Figure 14.3 - CP4BA alternative deployment approach

Figure 14.3 - CP4BA alternative deployment approach

Notice that in either approach, we are sharing an OpenShift cluster with other deployments and the underlying resources. What are the options when you need more isolation? There are various deployment methods and architectures that can be incorporated into the desired level of isolation required by the application. For example, there are cases or requirements where customers want to have a dedicated cluster for a single deployment to ensure complete isolation and minimize the impact on a mission-critical application. This is the opposite end of the isolation spectrum. As you move from a shared to a dedicated cluster, the greater the resource cost, maintenance, and administration cost:

Figure 14.4 – Deployment isolation

Figure 14.4 – Deployment isolation

In this section, you learned that you have different options when it comes to deploying CP4BA on OpenShift. The option you choose is either dictated by the OpenShift administrators, who provide the shared platform service, or the requirements by the LOB, who owns the application. Those requirements determine the level of isolation that drives the deployment pattern. But the most common and recommended deployment pattern is isolation at the environment level, such as development, test, and so on.

High availability

HA is a concept and practice that hasn’t changed even today. A highly available system provides an agreed level of uptime or SLA. HA is the ability to withstand planned and unplanned outages and to provide continuous processing of business-critical applications. Enterprises have always measured availability or uptime in terms of 9s. In the past, most enterprises considered achieving five nines or even four nines nirvana. According to Dunn and Bradstreet, 59% of Fortune 500 companies still experience a minimum of 1.6 hours of downtime per week. And according to TechChannel, based on the ITIC survey for 2021, the average cost of an hour of downtime on average is over $300,000. Are four nines – that is, 52.56 minutes of downtime per year – even achievable? Take a look at the following table for clarification about the number of 9s:

Level of Availability

Downtime Per Year

90%

36.5 days

95%

18.25 days

99%

3.65 days

99.9% (three nines)

8.76 hours

99.95%

4.38 hours

99.99% (four nines)

52.56 minutes

99.995%

26.28 minutes

99.999% (five nines)

5.26 minutes

99.9999% (six nines)

31.5 seconds

Table 14.1 – Level of availability

Typical HA design patterns comprise systems that provide redundancy for component(s). One approach is to implement a failover solution such as active-passive (cold standby) or active-passive (hot standby). Another solution is to implement an active-active HA architecture. This provides the highest level of uptime, as well as scalability. When looking at individual components, such as databases, it is possible to achieve maximum availability by implementing an active-active architecture for the component, such as Oracle Real Application Cluster (Oracle RAC) or IBM DB2 pureScale. Other components, such as web applications deployed on IBM WebSphere, provide an active-active architecture via application server clusters:

Figure 14.5 – IBM WebSphere network deployment application server cluster

Figure 14.5 – IBM WebSphere network deployment application server cluster

An active-active architecture becomes much easier when deploying CP4BA on OpenShift using containers. A Kubernetes platform, such as OpenShift, provides a highly scalable and highly available architecture. A typical standard OpenShift cluster provides redundancy for all its components, such as the master control plane, ingress or proxy, and so on:

Figure 14.6 – OpenShift cluster

Figure 14.6 – OpenShift cluster

A k8s deployment descriptor allows you to specify how many instances or replicas (replicas: x) of the same component a deployment should have to provide HA and workload support:

Figure 14.7 – Kubernetes deployment replica

Figure 14.7 – Kubernetes deployment replica

The k8s scheduler handles the deployment based on the deployment descriptor. CP4BA components can easily be configured to have multiple replicas as part of the deployment. This can be done by modifying the Custom Resource (CR) definition for the individual components, such as FileNet Content Platform Engine. The medium workload profile that can be defined in the CR provides support for medium-sized workloads but also HA by having multiple replicas for each of the CP4BA components by default. The workload profile change would also propagate down to the underlying dependent services, such as IAF and CPFS.

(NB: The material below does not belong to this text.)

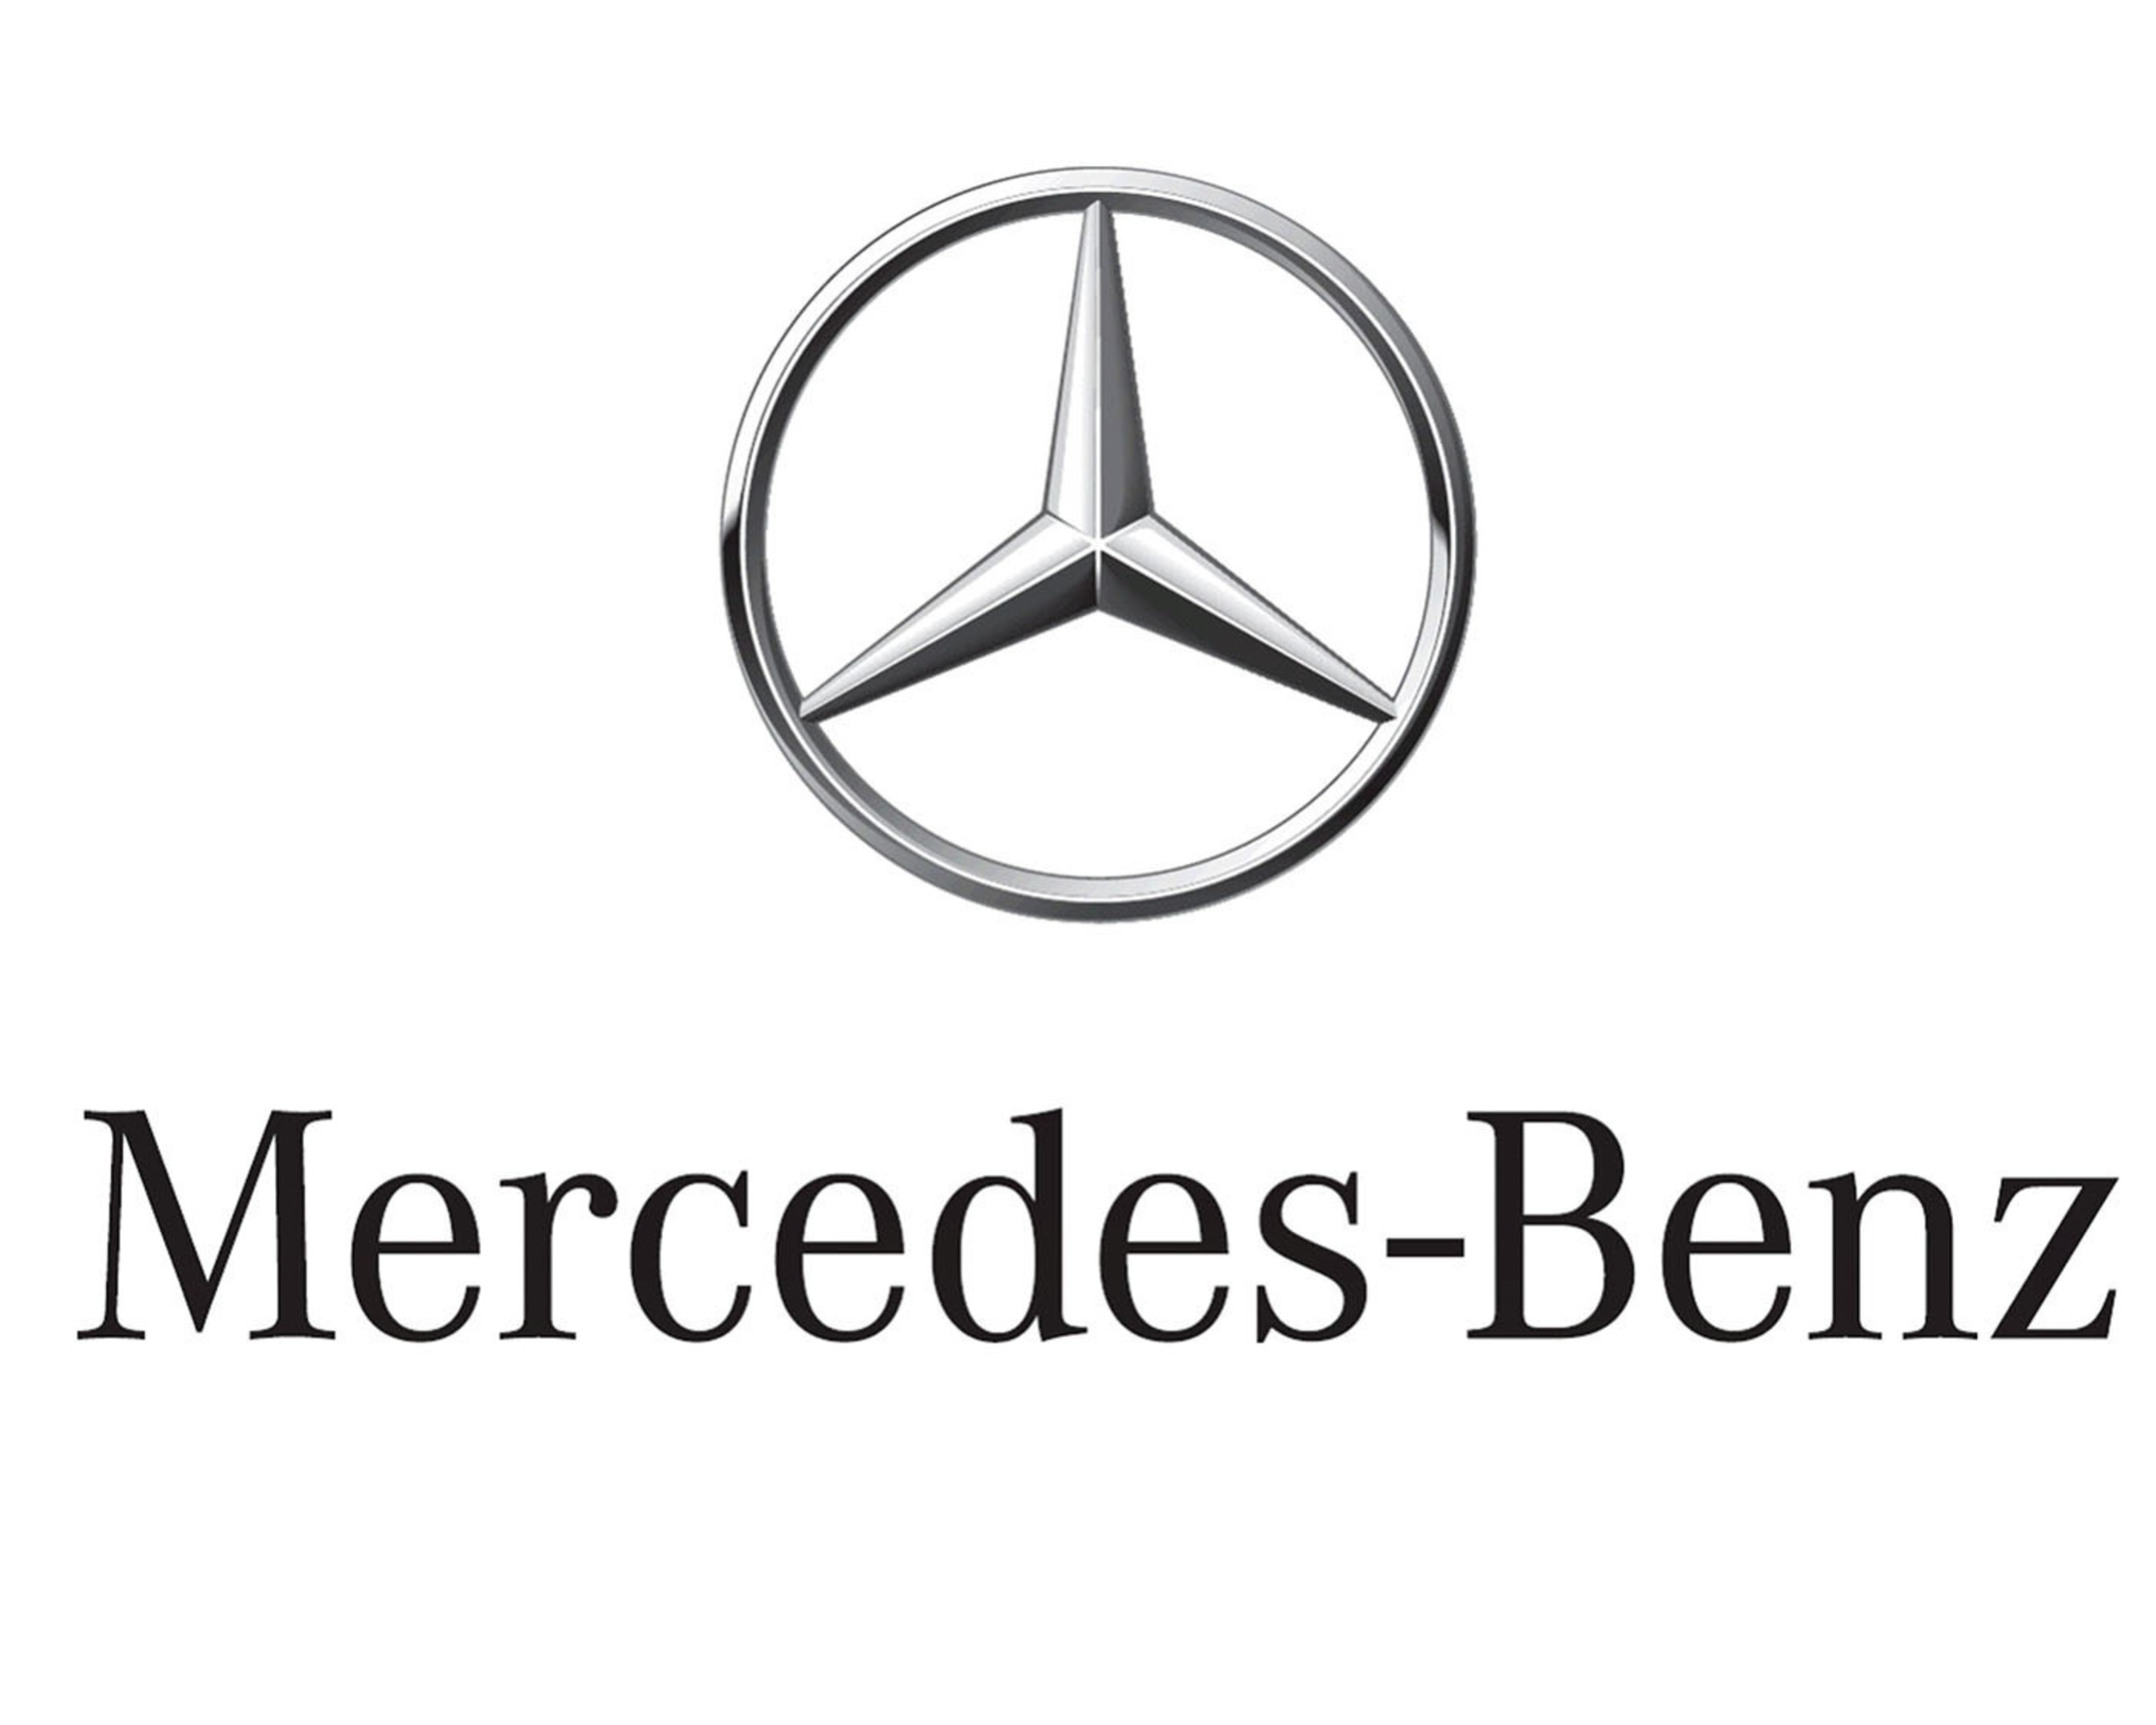 New 2011 3D Mercedes-Benz USA logo.

k8s provides other OOTB feature capabilities that also help increase availability and resiliency for CP4BA deployed applications. CP4BA applications that are deployed on OpenShift automatically enable these resiliency features as part of a standard deployment. One such feature is pod anti-affinity, which can be defined in the deployment descriptor. This setting tells the scheduler to not place the pod of the same application on the same node. This setting can be strictly enforced by making the affinity rule required versus preferred. In contrast to the traditional WebSphere cluster, the administrator needs to define the application cluster upfront as a horizontal cluster. The placement of the application instances is fixed in most cases when creating and defining the cluster. The exception to this is using a WebSphere dynamic cluster. However, this is also fixed and constrained to the predefined nodes and instances that comprise the dynamic cluster.

Another important feature that helps ensure the availability of the application is the livenessProbe. This is essentially a health check configuration at the container level that ensures the application is healthy. The livenessProbe can be configured in different ways to test the health of the application. This is a drastically different and big improvement when compared to the traditional WebSphere. Even the best and most well-designed applications occasionally suffer from unresponsiveness for one reason or another. When this occurs, the affected application server instance impacts the users served by this instance, which exhibits a long wait for a response or the infamous hourglass or spinning wheel commonly seen on web applications. Eventually, the problem starts to manifest itself in other application instances and causes a complete outage. With the k8s livenessProbe configured, this event would not happen since the livenessProbe would fail and the kubelet process would kill the container and spin up a new, fresh, healthy one.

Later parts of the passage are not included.